Exercise description: From the data below, repeat everything exactly except the images.

Supplied data:
::::::::

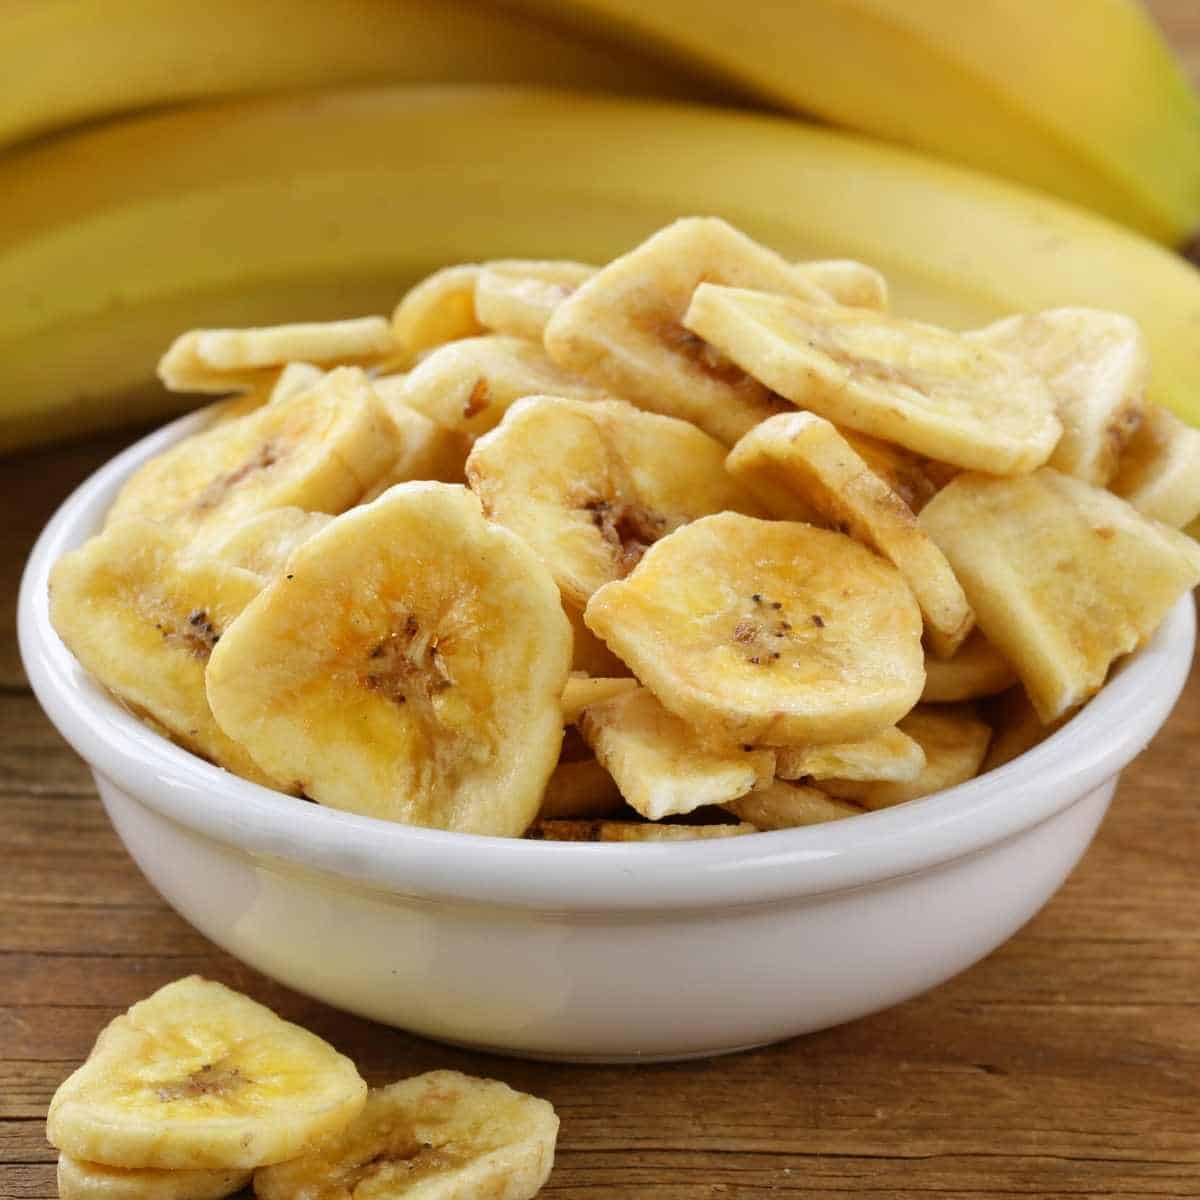 Homemade Banana Chips
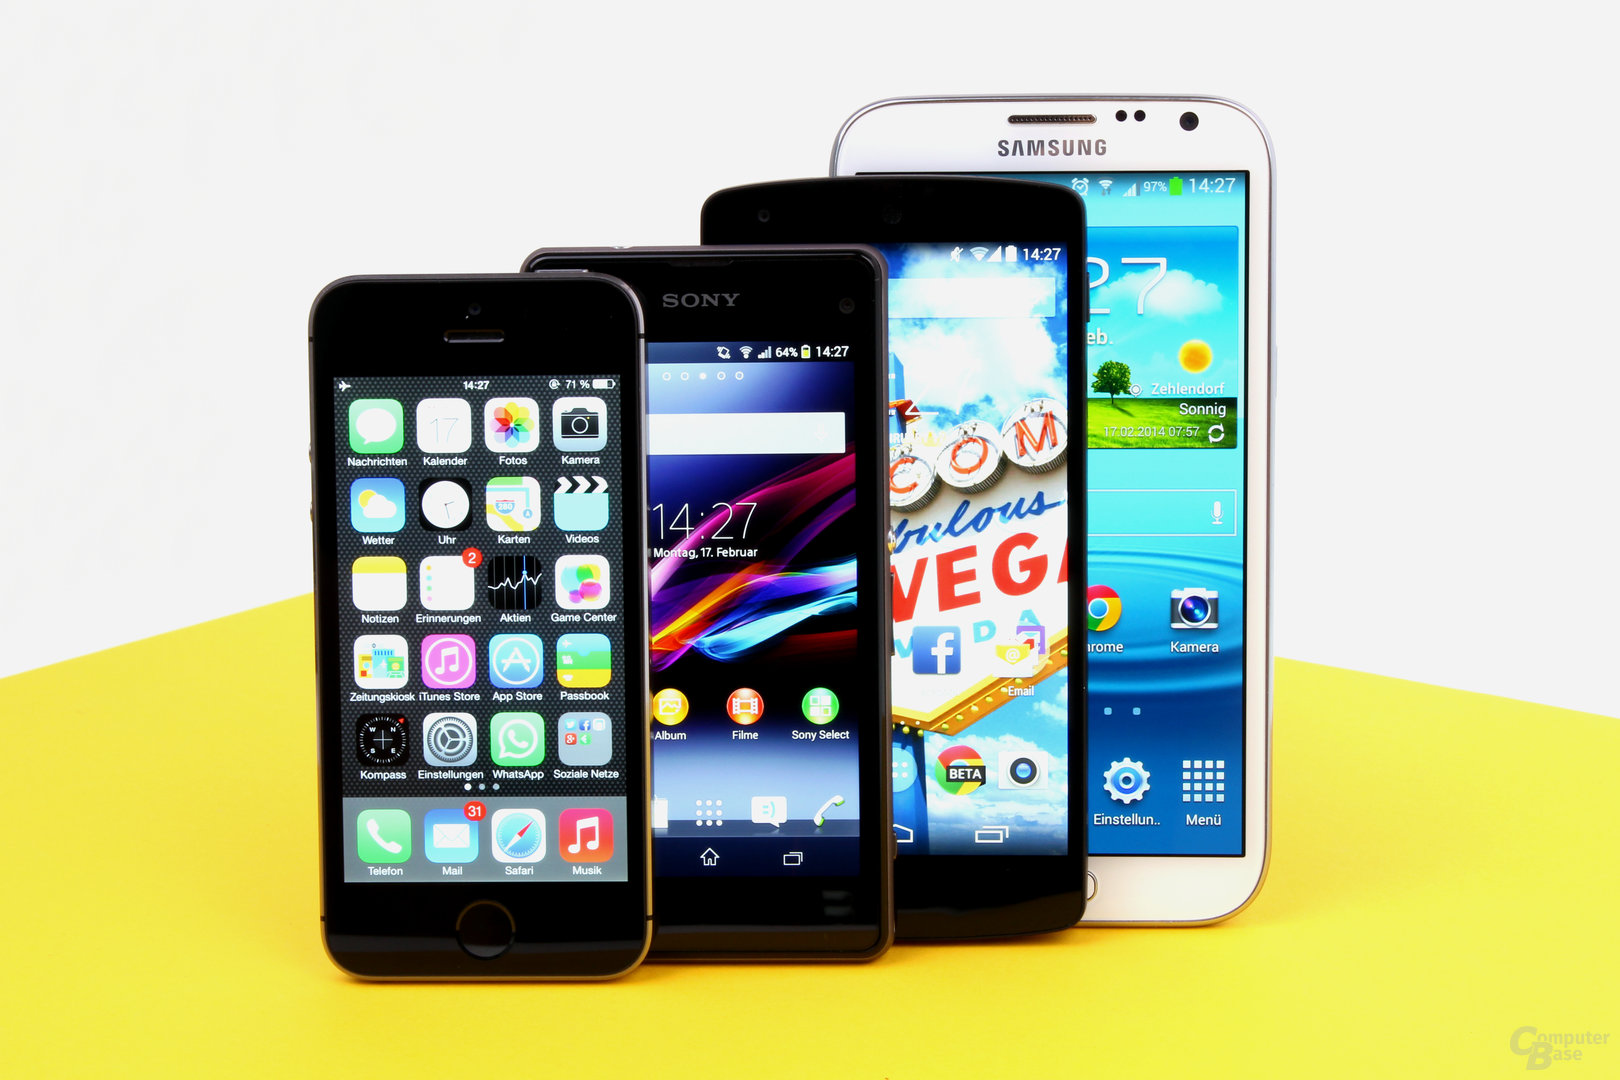 Apple iPhone 5S, Sony Xperia Z1 Compact, Google Nexus 5, Samsung Galaxy Note II
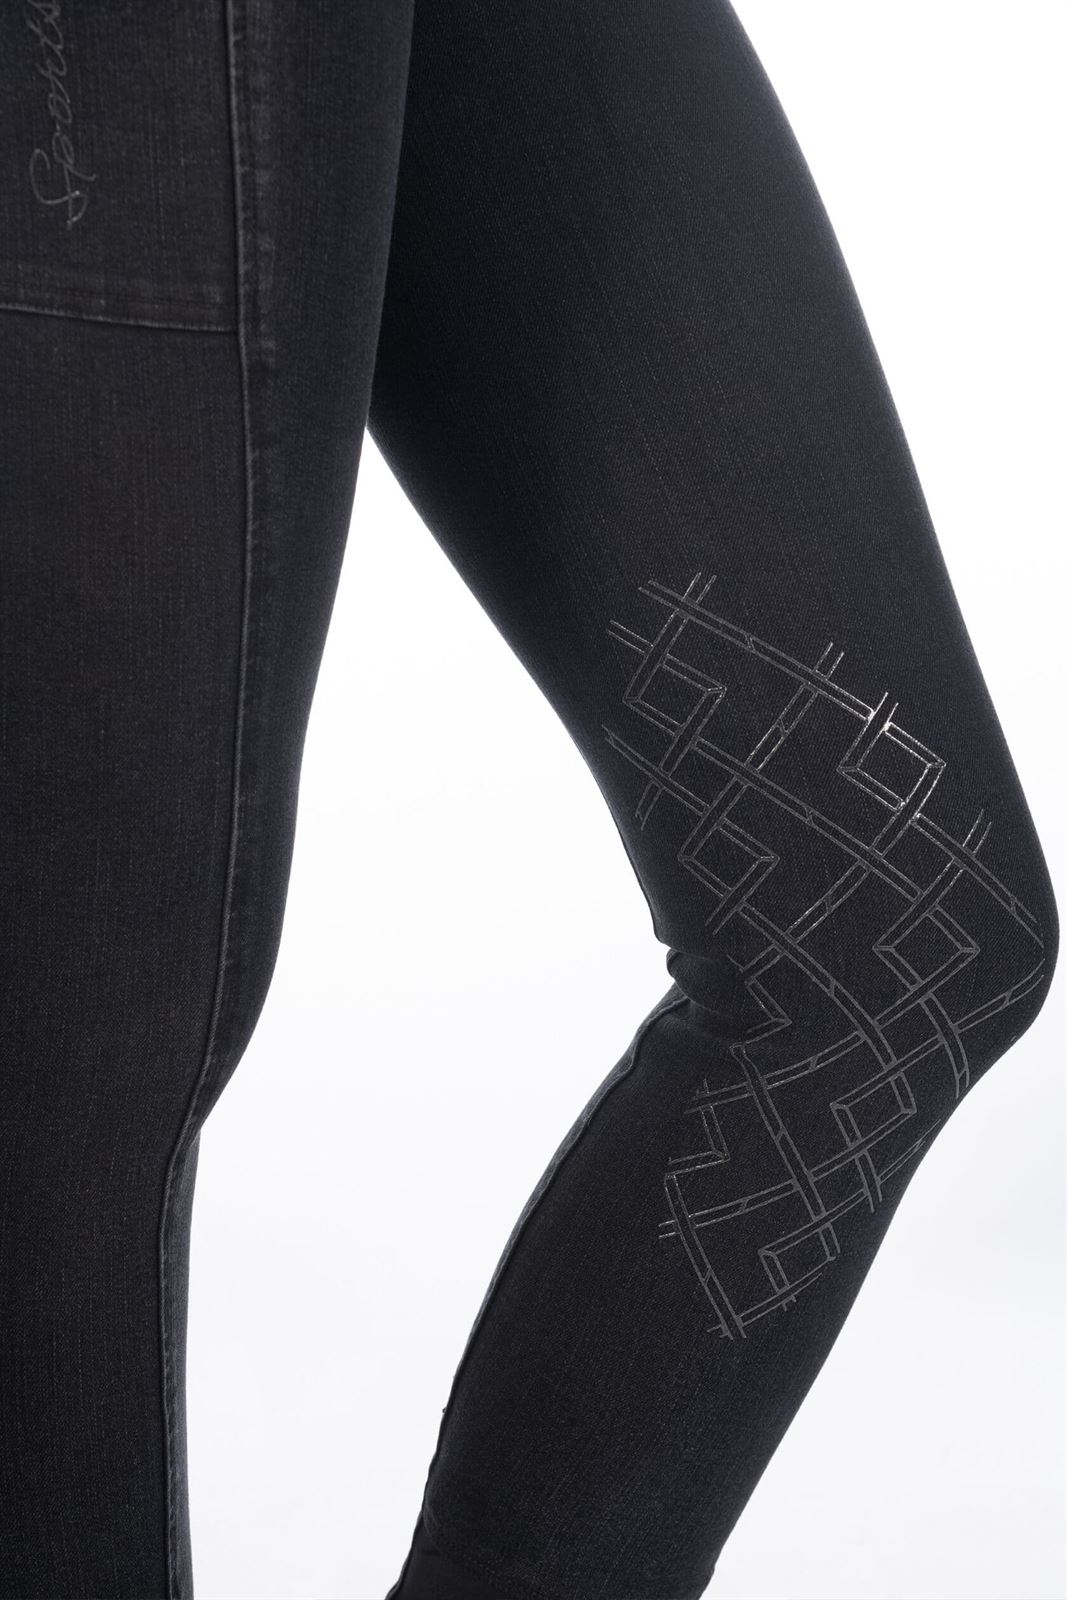 Pantalón mujer HKM Sports Equipment DENIM (vaquero) color negro rodilla grip - Imagen 8

::::::::

Finished task:
 Homemade Banana Chips
 Apple iPhone 5S, Sony Xperia Z1 Compact, Google Nexus 5, Samsung Galaxy Note II
 Pantalón mujer HKM Sports Equipment DENIM (vaquero) color negro rodilla grip - Imagen 8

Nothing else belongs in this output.